Рудольф пришел к Малфою где-то недели три назад, когда четко осознал, что все возможно-несерьезные игры и истерики уже закончились, и что его Беллатрикс просто не выберется из этого одна, планомерно разнося себя, да и его заодно, до праха. Конечно, пришел, все обдумав и взвесив. И поговорив, наконец, с женой. Разговор был долгим и подробности вспоминать не хотелось, важным было другое – что он получил ее согласие и обещание по крайней мере не сбежать.
Они с Малфоем устроились в самой уютной и домашней из гостиных Мэнора после обмена всеми необходимыми любезностями с родителями Люциуса и Нарциссой, которая, подпитав надежду Рудольфа, выглядела слишком печальной и нервной для счастливой молодой новобрачной, хотя с точки зрения этикета была, как всегда, безупречна.
- Ты сказал, что разговор серьезный? – спросил Люциус, после того, как они пригубили коньяк и в тишине насладились вкусом положенное время.
- Сказал. Ответь, ты счастлив с женой?
Малфой сначала опешил, а потом расхохотался:
- Ты задаешь дивные вопросы, Руди. Я уже и забыл, какой ты… недипломат.
Рудольф скривился – сам он за рассуждениями об одной лодке и о необходимости что-то делать подзабыл, какой Малфой… дипломат. Околичностей не хотелось: уж слишком важным и специфичным было дело, да и слишком оно жгло изнутри для терпеливых пируэтов.
- Честность – иногда лучшая политика, - пожал он плечами, надеясь, что давнее знакомство и даже дружба, пусть и слегка увядшая ныне, позволят почувствовать друг друга так же, как и раньше, и Малфой поймет. – Я серьезен как никогда. Ответь мне так, чтобы я понял, как действовать дальше.
- Я был бы счастливее, если бы знал точно, что ее мучает, - произнес после некоторого раздумья Малфой, и Рудольф расслабился.
- Я расскажу тебе, если ты ответишь на еще один вопрос.
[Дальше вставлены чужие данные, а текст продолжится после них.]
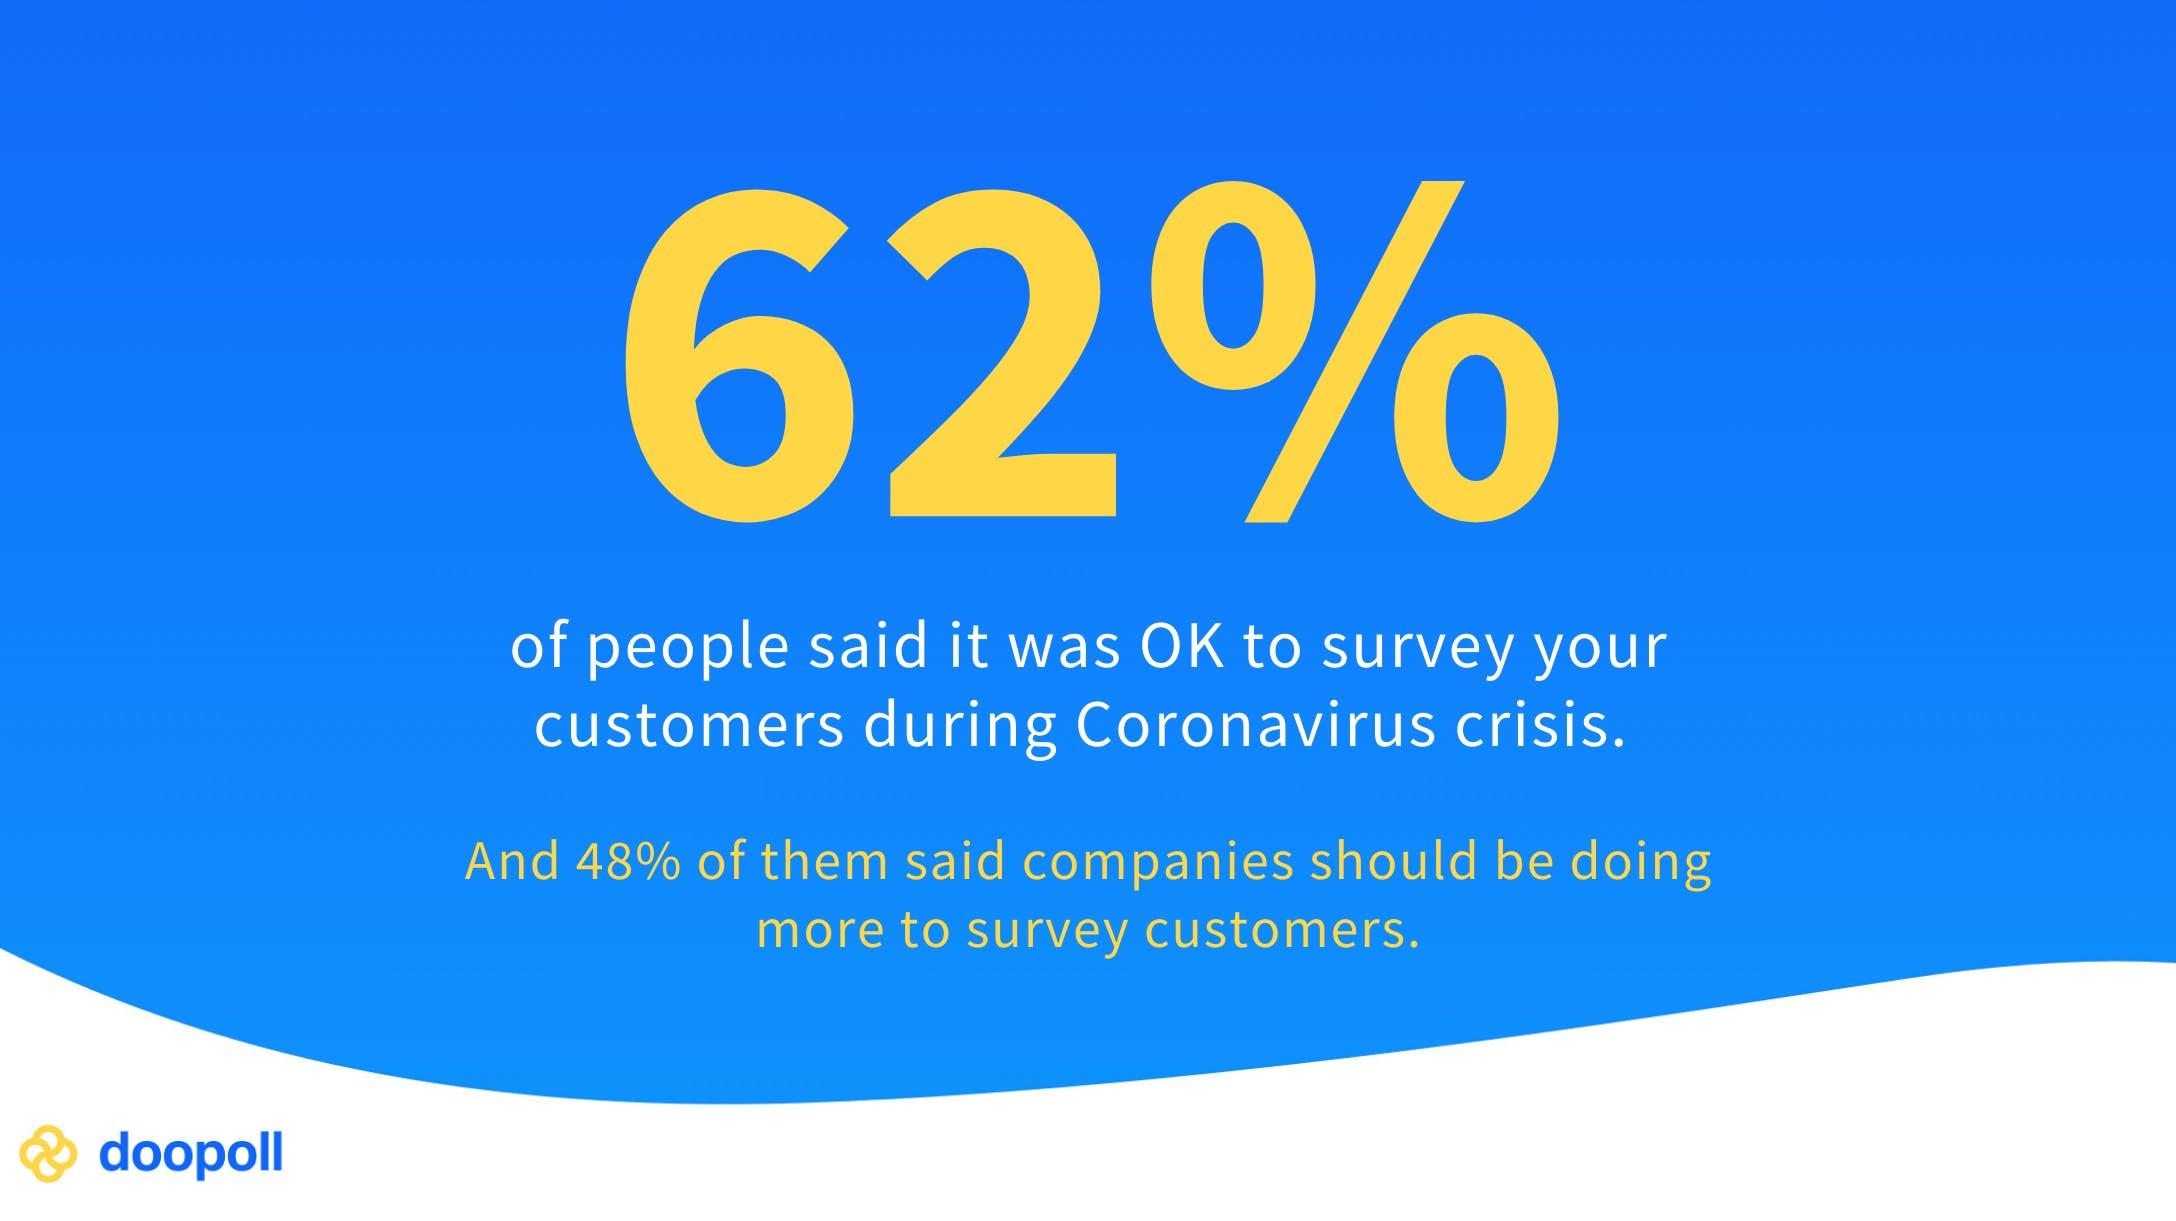 62% think it's OK to survey customers during Coronavirus

Ты любишь ее?
- Я на многое готов ради нее.
Этого Рудольфу было достаточно, потому что сам он на такой же вопрос ответил бы, пожалуй, так же.
- Я расскажу. У нас одна проблема.
И еще полночи он рассказывал о том, что видел и понимал сам, и о том, что объяснила ему жена.
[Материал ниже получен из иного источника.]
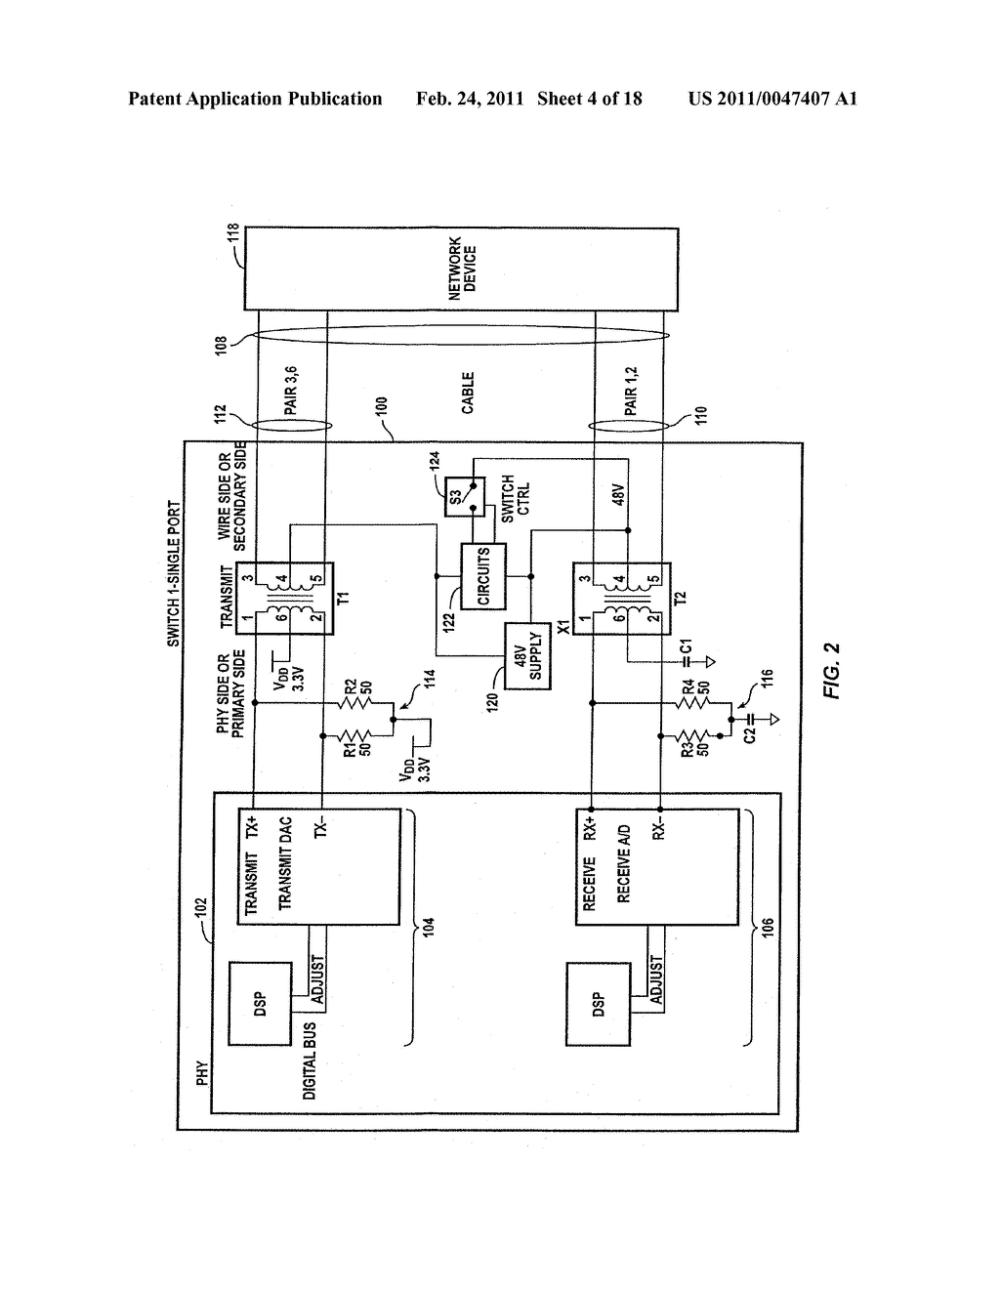 medium resolution of wiring closet diagram wiring diagrams wiring window diagram wiring closet diagram

О том, что застал, будучи мужем раньше Малфоя и имея больше возможностей слышать и видеть: как Белла планомерно отваживала возможных женихов Нарциссы, прибегая к любым средствам от передачи сплетен о них родителям до прямых угроз самим молодым людям. Как еще в школе – Люциус этого не застал, потому что к тому времени уже закончил Хогвартс, как и сам Рудольф, но у Руди там остался младший брат, едва ли не дословно все передавший под впечатлением – Беллатрикс, поигрывая палочкой, разъяснила всей дееспособной мужской части Слизерина, что просто кастрирует любого, кто посмеет даже поцеловать ее сестру, не говоря уже о большем, причем она сумеет сделать это так, что ее не поймают, а учитывая беллину уже сложившуюся тогда репутацию, все поверили безоговорочно, кто испугавшись, кто просто решив не связываться.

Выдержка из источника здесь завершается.